The BMAP has resulted in a better scientific understanding of bofedales. Data shows that these wetlands support different plant communities, and each may require a different restoration approach. The BMAP also showed that focusing on one variable – in this case, plant species composition – can provide enough data to understand and manage a habitat.

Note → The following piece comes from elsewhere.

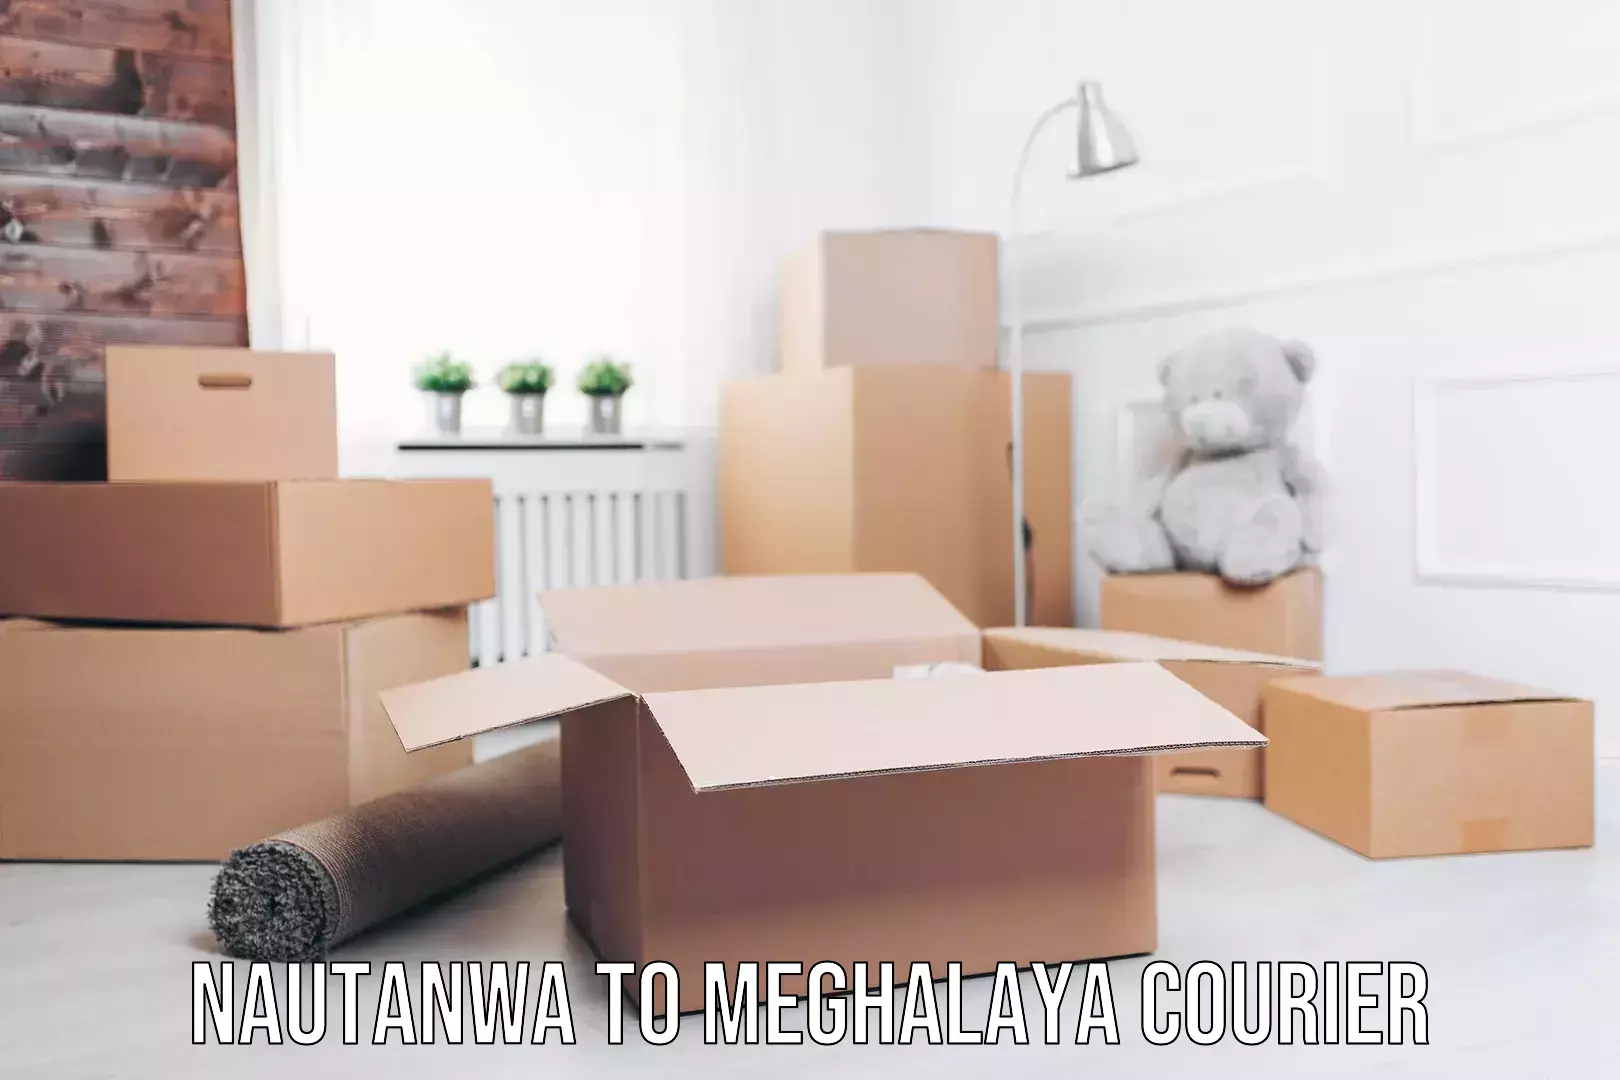 Furniture moving experts Nautanwa to Meghalaya

  • A bofedal wetland in the Peruvian Andes with large areas of water interspersed with flat vegetation
    A bofedal crossed by the right-of-way. This series of photos shows the growth of Distichia plants in a 1-square-meter (10.8-square-foot) plot, from 2017-2020. Pictured here is the bofedal in 2017.
  • A bofedal wetland in the Peruvian Andes with large areas of water interspersed with flat vegetation
    The growth of Distichia plants in a 1-square-meter (10.8-square-foot) plot in 2018.
  • A bofedal wetland in the Peruvian Andes with flat vegetation interspersed with water
    The growth of Distichia plants in a 1-square-meter (10.8-square-foot) plot in 2019.
  • A bofedal wetland in the Peruvian Andes with flat vegetation interspersed with small areas of water
    The growth of Distichia plants in a 1-square-meter (10.8-square-foot) plot in 2020.

Recommendations 

Create a Biodiversity Assessment and Monitoring Program as early as possible. Benefits include: 

  • Designing a project with a smaller environmental impact 
  • Collecting baseline data on a habitat early in order to measure change 
  • Ability to monitor impact at all project stages 
  • Science-backed strategies to protect biodiversity and restore habitats 

Plan to have monitoring programs for about 10 years. Long-term programs provide clearer data on natural ecosystems, especially those with slow biological processes. Because bofedales are located at high altitudes with low temperatures, plants may grow, disperse and colonize new areas more slowly. Shorter programs can miss impacts that only become apparent after longer periods of time. 

Work with qualified scientists on the species, habitats and impacts of concern. Regular coordination and communication with experts results in reliable data that saves time and money.